Last Layer Empirical Bayes
This work addresses uncertainty quantification in AI, which is crucial for reliable predictions in applications like safety-critical systems, but it is incremental as it builds on existing methods like BNNs and ensembles.
The paper tackled the challenge of quantifying uncertainty in neural network predictions by proposing Last Layer Empirical Bayes (LLEB), which uses a learnable prior as a normalizing flow on the last layer to interpolate between Bayesian neural networks and ensembles. The result shows that LLEB performs on par with existing approaches, indicating empirical Bayes as a promising direction for uncertainty quantification.
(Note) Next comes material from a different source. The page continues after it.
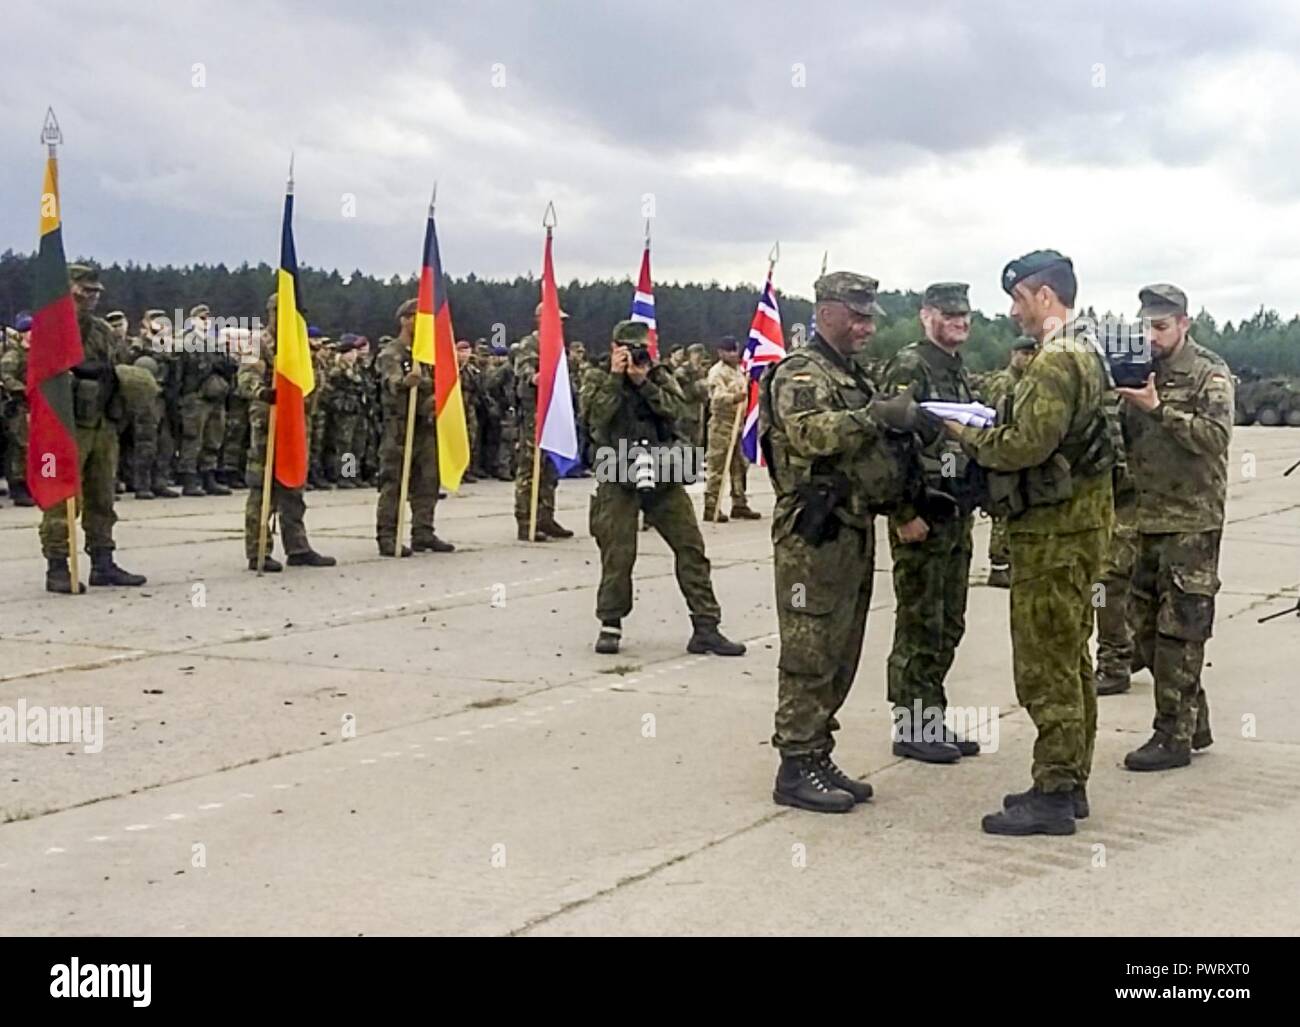 Der eiserne Wolf17-Flag wird dem Deutschen Oberstleutnant Christoph Huber, Kommandant der eFP-Battle Group Litauen vorgestellt, was bedeutet das Ende der Übung Juni 23. Eine Komponente von Sabre Streik 17, Bügeleisen Wolf ist entworfen, um die Beziehungen zwischen den Verbündeten in der NATO zu stärken und die Interoperabilität zu verbessern. Zum ersten Mal in der Geschichte der Übung, dass die NATO für verbesserte Vorwärts Präsenz Kampftruppen wurden zusammen als Teil einer multinationalen Division integriert, synchronisiert und Abschreckung - orientierte Ausbildung entwickelt, um die Interoperabilität und Kompatibilität der Armeen der beteiligten Nationen zu verbessern. Stockfoto

The task of quantifying the inherent uncertainty associated with neural network predictions is a key challenge in artificial intelligence. Bayesian neural networks (BNNs) and deep ensembles are among the most prominent approaches to tackle this task. Both approaches produce predictions by computing an expectation of neural network outputs over some distribution on the corresponding weights; this distribution is given by the posterior in the case of BNNs, and by a mixture of point masses for ensembles. Inspired by recent work showing that the distribution used by ensembles can be understood as a posterior corresponding to a learned data-dependent prior, we propose last layer empirical Bayes (LLEB). LLEB instantiates a learnable prior as a normalizing flow, which is then trained to maximize the evidence lower bound; to retain tractability we use the flow only on the last layer. We show why LLEB is well motivated, and how it interpolates between standard BNNs and ensembles in terms of the strength of the prior that they use. LLEB performs on par with existing approaches, highlighting that empirical Bayes is a promising direction for future research in uncertainty quantification.